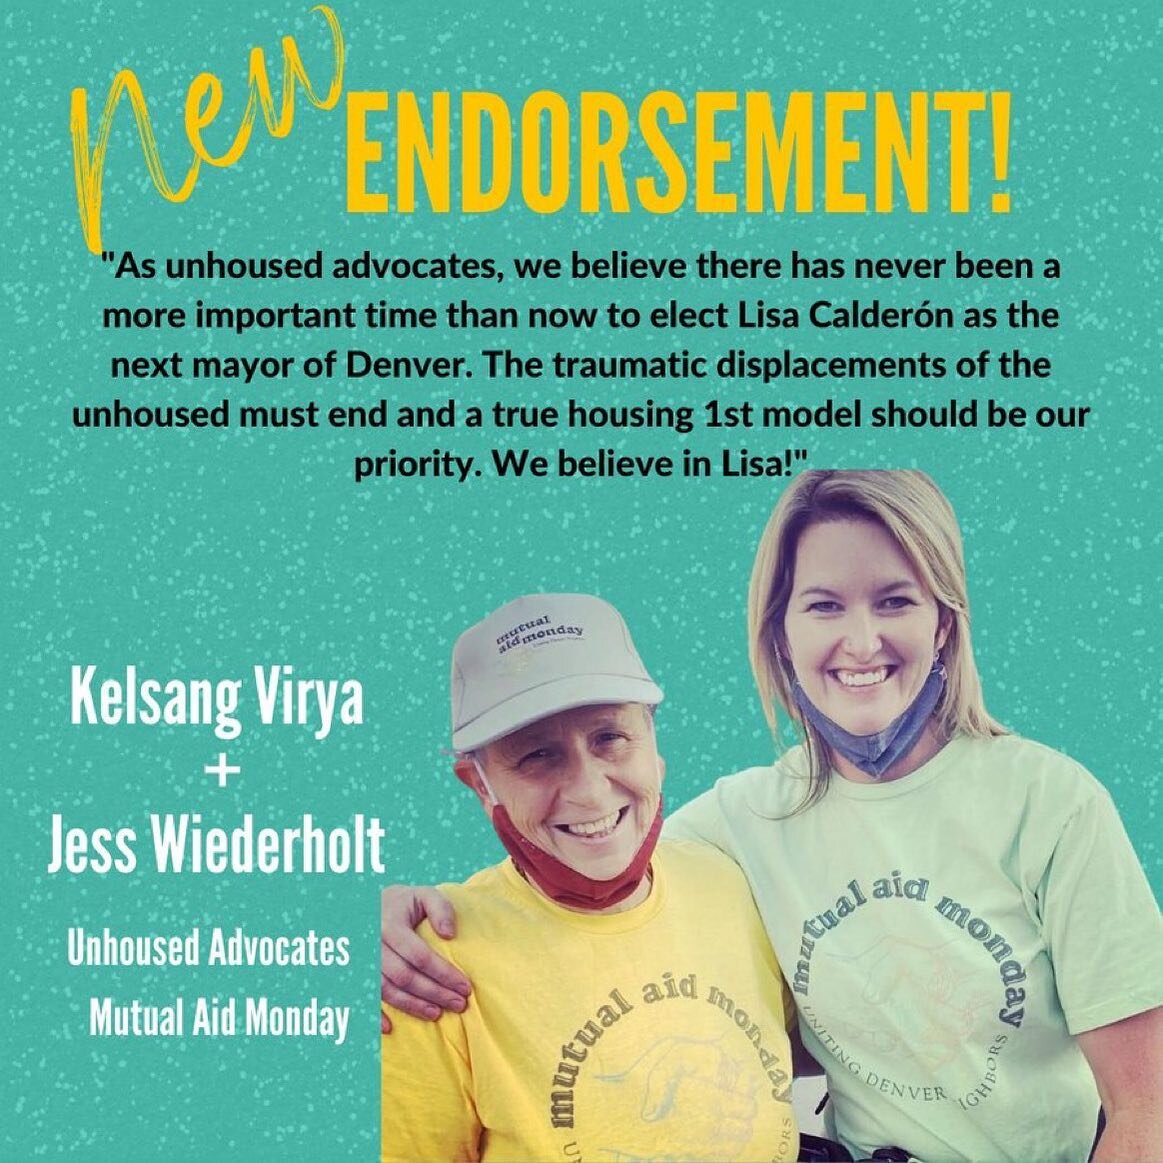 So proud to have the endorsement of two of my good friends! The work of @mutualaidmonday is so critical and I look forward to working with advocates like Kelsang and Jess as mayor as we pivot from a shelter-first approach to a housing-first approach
==
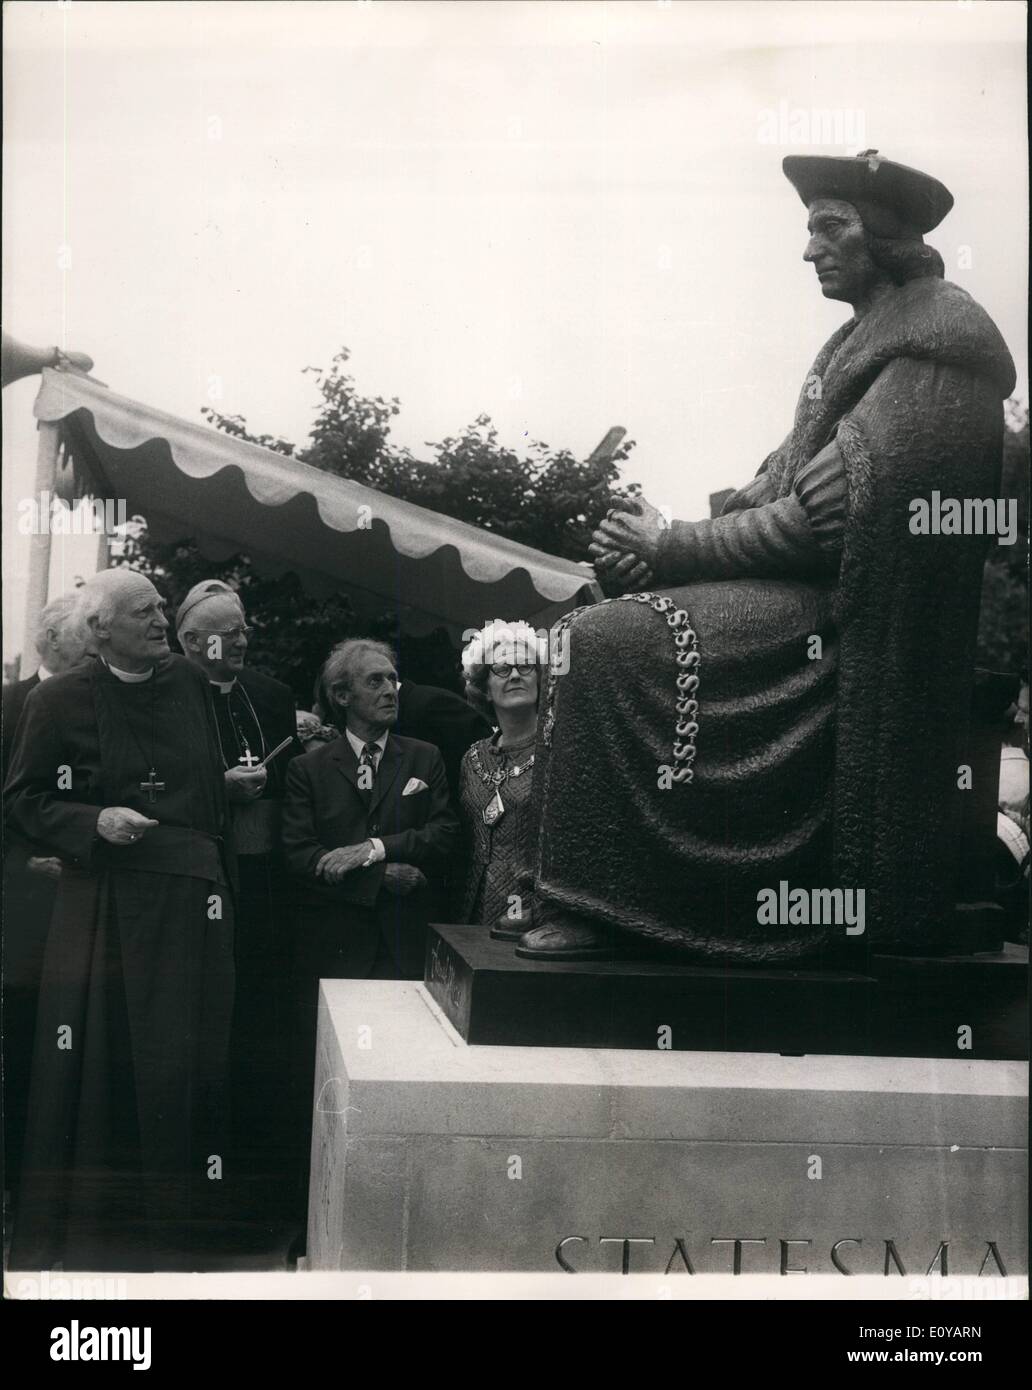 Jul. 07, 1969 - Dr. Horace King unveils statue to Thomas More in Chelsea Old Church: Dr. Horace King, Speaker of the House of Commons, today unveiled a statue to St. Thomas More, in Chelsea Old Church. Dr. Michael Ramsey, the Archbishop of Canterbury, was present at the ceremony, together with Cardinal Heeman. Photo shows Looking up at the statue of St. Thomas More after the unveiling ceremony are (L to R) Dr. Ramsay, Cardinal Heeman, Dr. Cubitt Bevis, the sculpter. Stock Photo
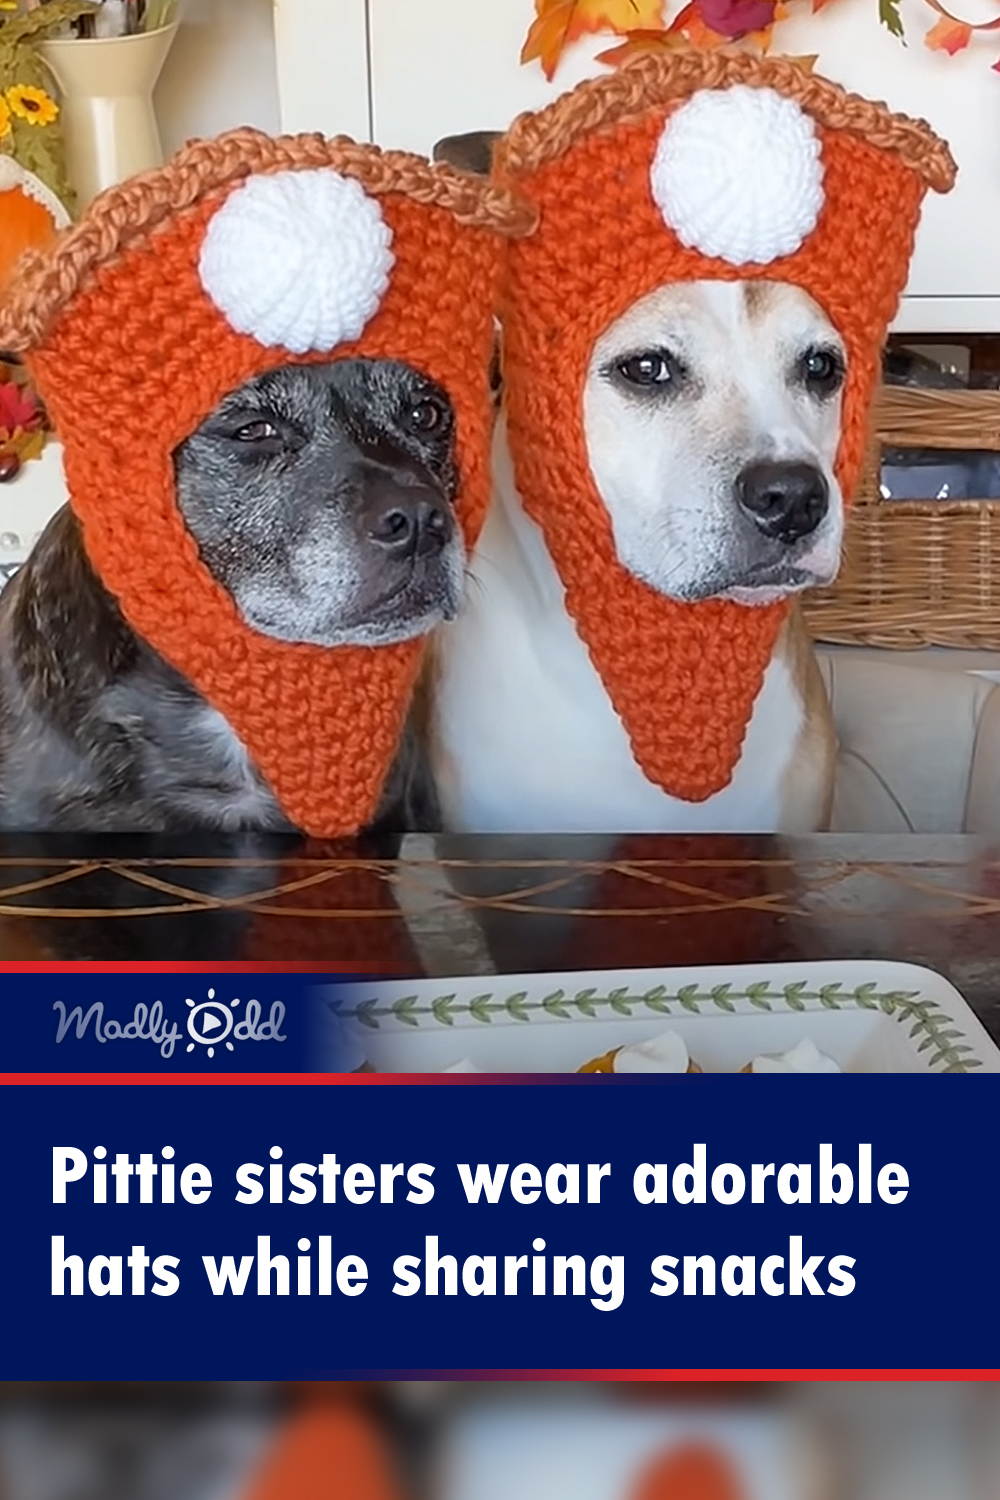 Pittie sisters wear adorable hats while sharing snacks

> [EXERCISE PROMPT]:
Extract, without any images, the part of the material above that opens with the line containing "Jul. 07, 1969" and closes with the line containing "Pittie sisters wear", both lines included.

> [SOLUTION TO THIS TASK]:
 Jul. 07, 1969 - Dr. Horace King unveils statue to Thomas More in Chelsea Old Church: Dr. Horace King, Speaker of the House of Commons, today unveiled a statue to St. Thomas More, in Chelsea Old Church. Dr. Michael Ramsey, the Archbishop of Canterbury, was present at the ceremony, together with Cardinal Heeman. Photo shows Looking up at the statue of St. Thomas More after the unveiling ceremony are (L to R) Dr. Ramsay, Cardinal Heeman, Dr. Cubitt Bevis, the sculpter. Stock Photo
 Pittie sisters wear adorable hats while sharing snacks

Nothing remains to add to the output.